For our coded example, we’ll be optimizing a one dimensional loss function. We’ll be finding the parameter (w) which minimizes the loss function. We’ll traverse along the cost function by

But first, we’ll be loading our basic packages.

In [13]:
import numpy as np
#from math import sin
import pylab 
#import matplotlib.pyplot as plt
#%matplotlib inline

To get a little more visibility into our algorithm, we’ve hard-coded the loss function and its derivative as inputs into our gradient descent algorithm.

Like the above figure, our loss function is defined as w^2. We’ll be expecting our algorithm to find loss minimized around 0 or close to it.

In [17]:
def loss_func(w):
    return np.power(w, 2)

The derivative of w^2 is of course, 2*w. We’ll be using the derivative to find which direction we need to traverse along our loss function

In [18]:
def gradient_func(w):
    return 2*w

And finally, we have the code for our gradient descent function. Step by step what it does is below:

  1. Initialize a random point to begin our dscent
  2. Initialize our array of guesses and derivatives (for plotting our descent)
  3. For our random point, record the loss and gradient
  4. Move in the opposite direction of our gradient by a distance proportional to the gradient and our programmed step size
  5. As long as our movement is greater than our minimum movement, repeat steps 3-5 with our new point.
In [19]:
def gradient_descent(loss_func, gradient_func, step, resolution, guess):
    old_guess = 99999
    guesses = []
    derivatives = []
    while abs(old_guess - guess) > resolution:
        error = loss_func(guess)
        derivative = gradient_func(guess)
        move = derivative * step
        old_guess = guess
        guess = guess - move
        guesses.append(guess)
        derivatives.append(derivative)
    pylab.plot(guesses, label='Values')
    pylab.plot(derivatives, label='Derivatives')
    pylab.legend(loc='upper right')
    pylab.show()
    return guess, error

Below we run our code

In [20]:
guess, error = gradient_descent(loss_func, gradient_func, step=0.1, 
                                resolution=0.001, guess=6)

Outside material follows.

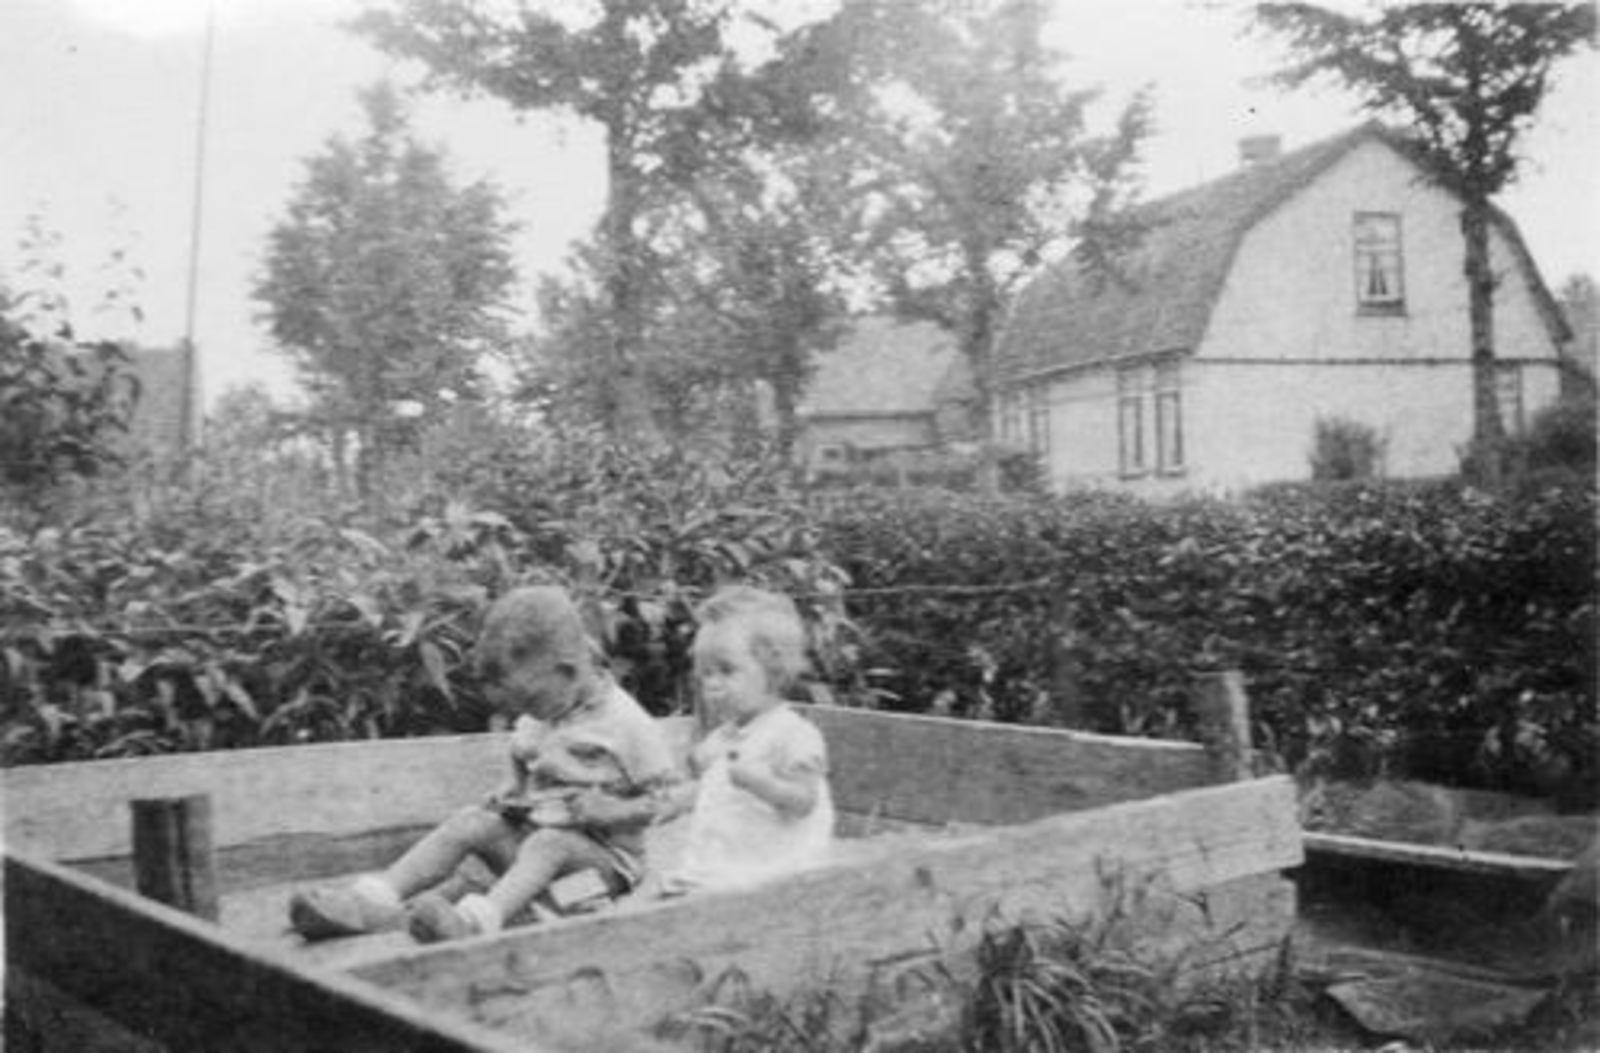 Fortweg W 0039 1944± Huize Koolbergen met Kinderen in Zandbak 02

print "Best approximation of local minimum is", guess
print "Error is", error
Best approximation of local minimum is 0.00380295180068
Error is 2.25975662474e-05

As I stated previously, our gradient descent process didn’t find the lowest point in our loss function. With a greater minimum movement input, we could reach closer and closer to zero.

Summary

I hope after this little tutorial you’re more comfortable with the idea of loss functions and the process to minimizes their loss. I hear its not entirely common to start learning about machine learning with this concept, but I’m dumbfounded to think theres a better way.